Wednesday 30 March 2016

Can I have a moth on my finger, please?




Almost a month has gone by since I last set the moth trap, but I couldn't resist the question which forms the headline to today's post. Penny and my little granddaughter came for Easter with her Mum and Dad and they were preceded by an email saying: "Emily is keen to see the moths." When they arrived, she duly popped the question.



The moths obliged, most winningly in the form of the Oak Beauty, above, which agreed to be transferred from my pudgy finger to Emily's delicate one before waking up and fluttering off, initially into a spider's web. Extricating it from this was a lesson in the effectiveness of the fibre's sticky, binding nature. I am not especially keen on spiders but their spinning is a marvel of the natural world, like the silk produced by moths for cocoons.



My retirement hobby of guerrilla knitting has made me extra interested in this subject, coupled with a Yorkshire background which has given me a lifelong interest in wool. I admit that I was bored almost to death and, so far as I can recall, actually to tears by a youthful, two-hour tour of the Wool Industry Research laboratories in Leeds. But I have enjoyed learning much since, including the close co-operation between Leeds University scientists on the trail of DNA in the 1930s and local hairdressers specialising in perms, a treatment which alters the DNA-related structure of hair (please forgive my amateur handling of scientific terms, but you can read more about this fascinating episode here).

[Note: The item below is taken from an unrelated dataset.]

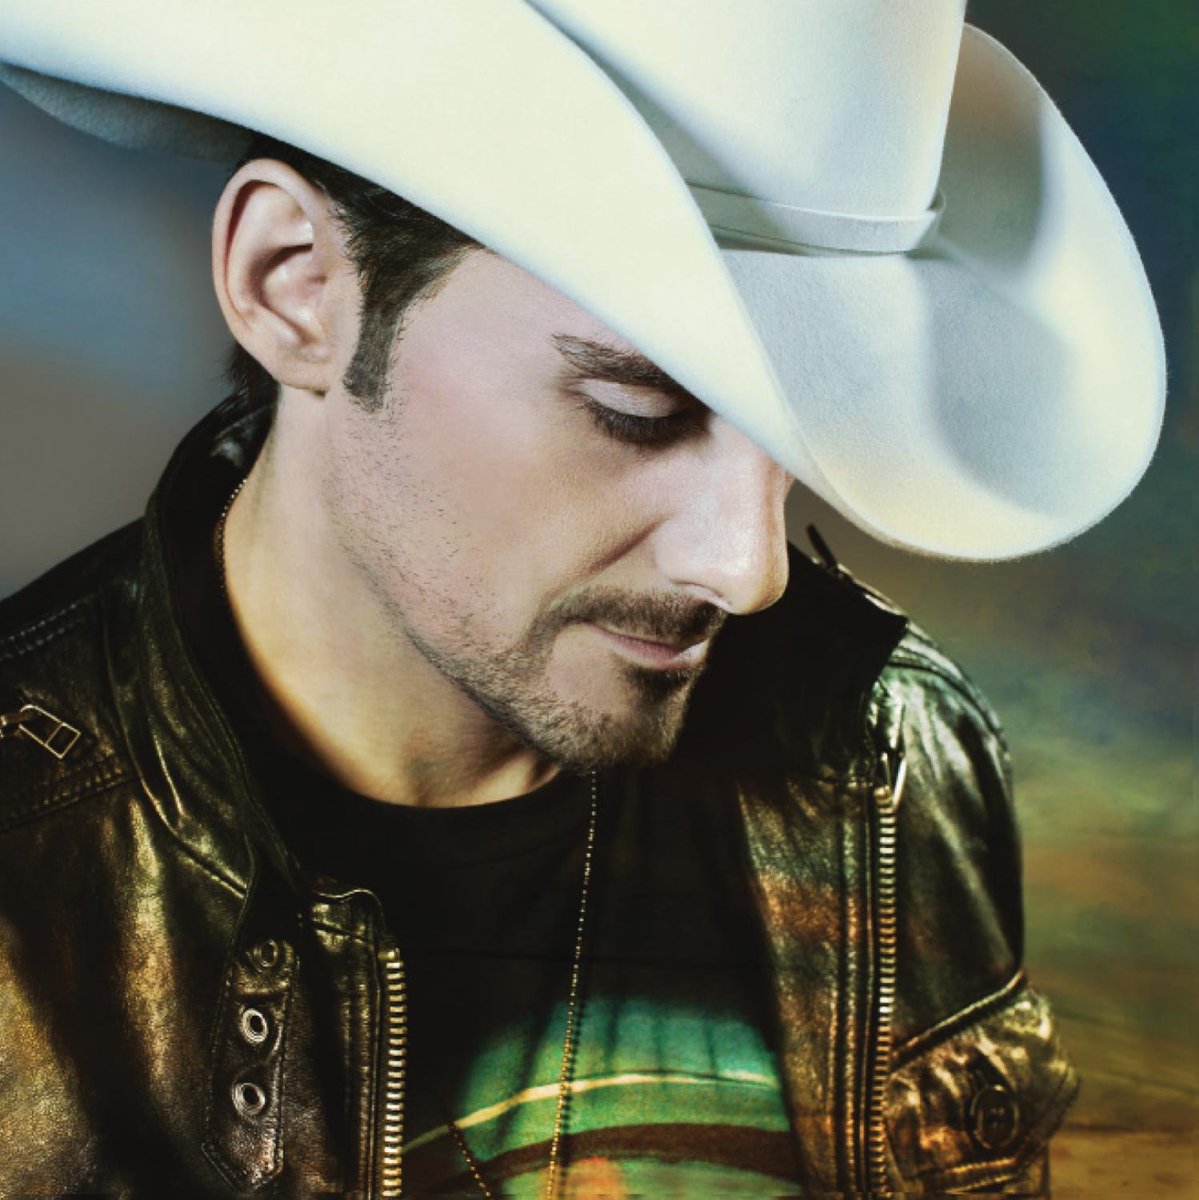 My #thursdayCountryRockmasterpieceAlbum is: 'This Is Country Music' (2011) https://t.co/2qEQaBYOJT by Brad Paisley https://t.co/mIKNgyUHed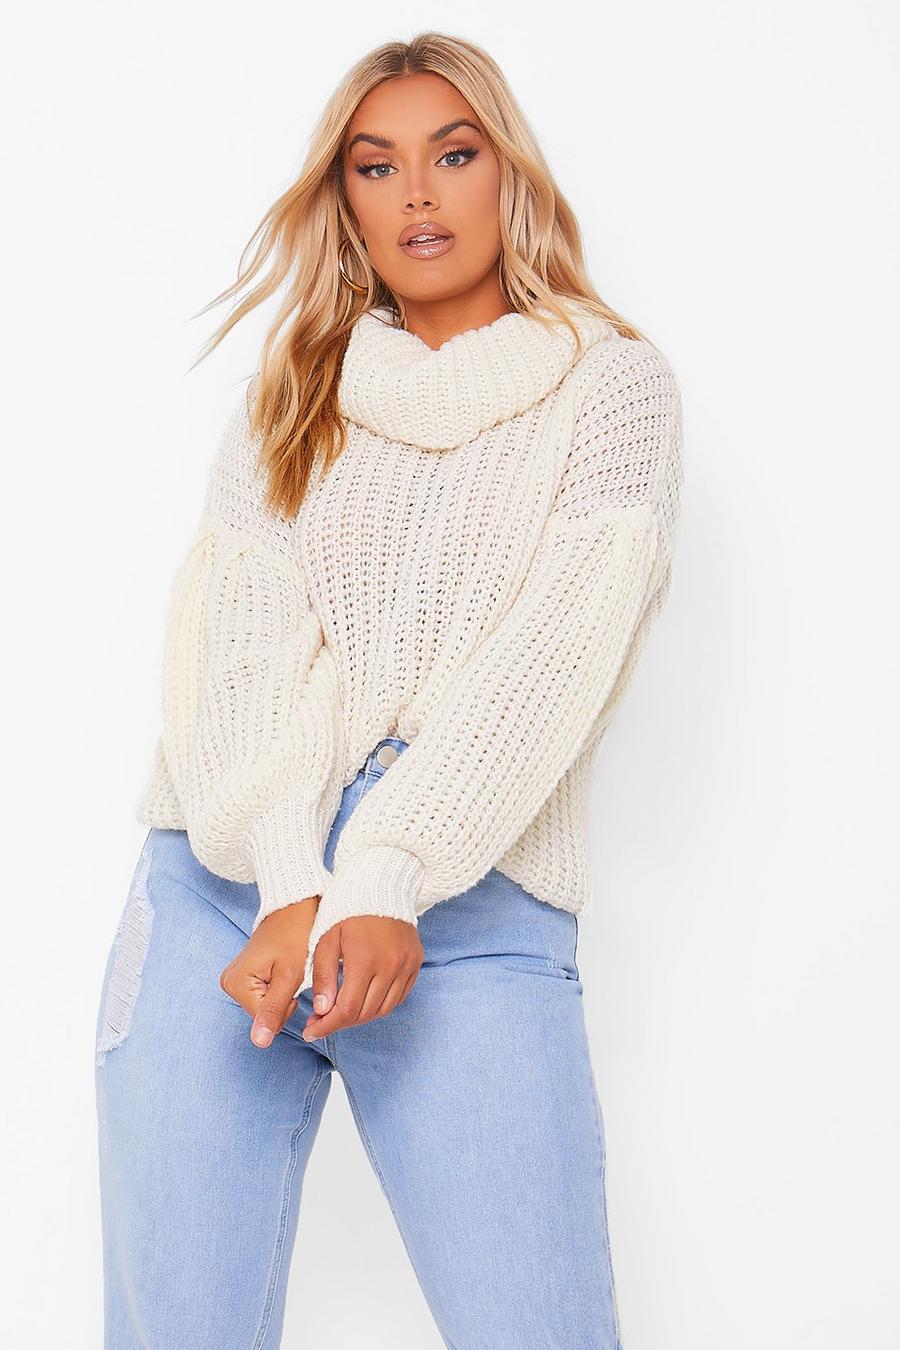 Ecru Plus Supersoft Oversized Cowl Neck Sweater image number 1

Back to the moths. The eggboxes, and in due course Emily's finger, also played host to a Common Quaker, a Crambid micro moth which I must check out later and what I think is a Dark Chestnut, shown in order in today's pics.  Update: No, it's a Clouded Drab - very many thanks for speedy advice from Ben Sale in Comments. Further update: I have now checked on my supposed Crambid and realised that it's actually a macro - the March Moth, which has come at an appropriate time of the year, unlike some other species named after months (eg the August Thorn and December Moth) which have a habit of arriving early or late. The March Moth is one of a number of UK moths whose females are flightless and spend their lives scuttling up and down tree trunks. Let's hope that evolution eventually gets them a better deal.

2 comments:

Bennyboymothman said...

Hi Martin.
Hope you had a good Easter.

Nearly back in the saddle as we approach Summer.

That be a Clouded Drab at the bottom.

Cheers
Ben

Martin Wainwright said...

Ben that's marvellously quick work - and very good to hear from you. I'm hoping to be in action regularly soon - just the small matter of a second grandchild due tomorrow....

Thanks so much re the Clouded Drab. Alas, I am now certain that I will never master these small brown moths. Your help is so much appreciated.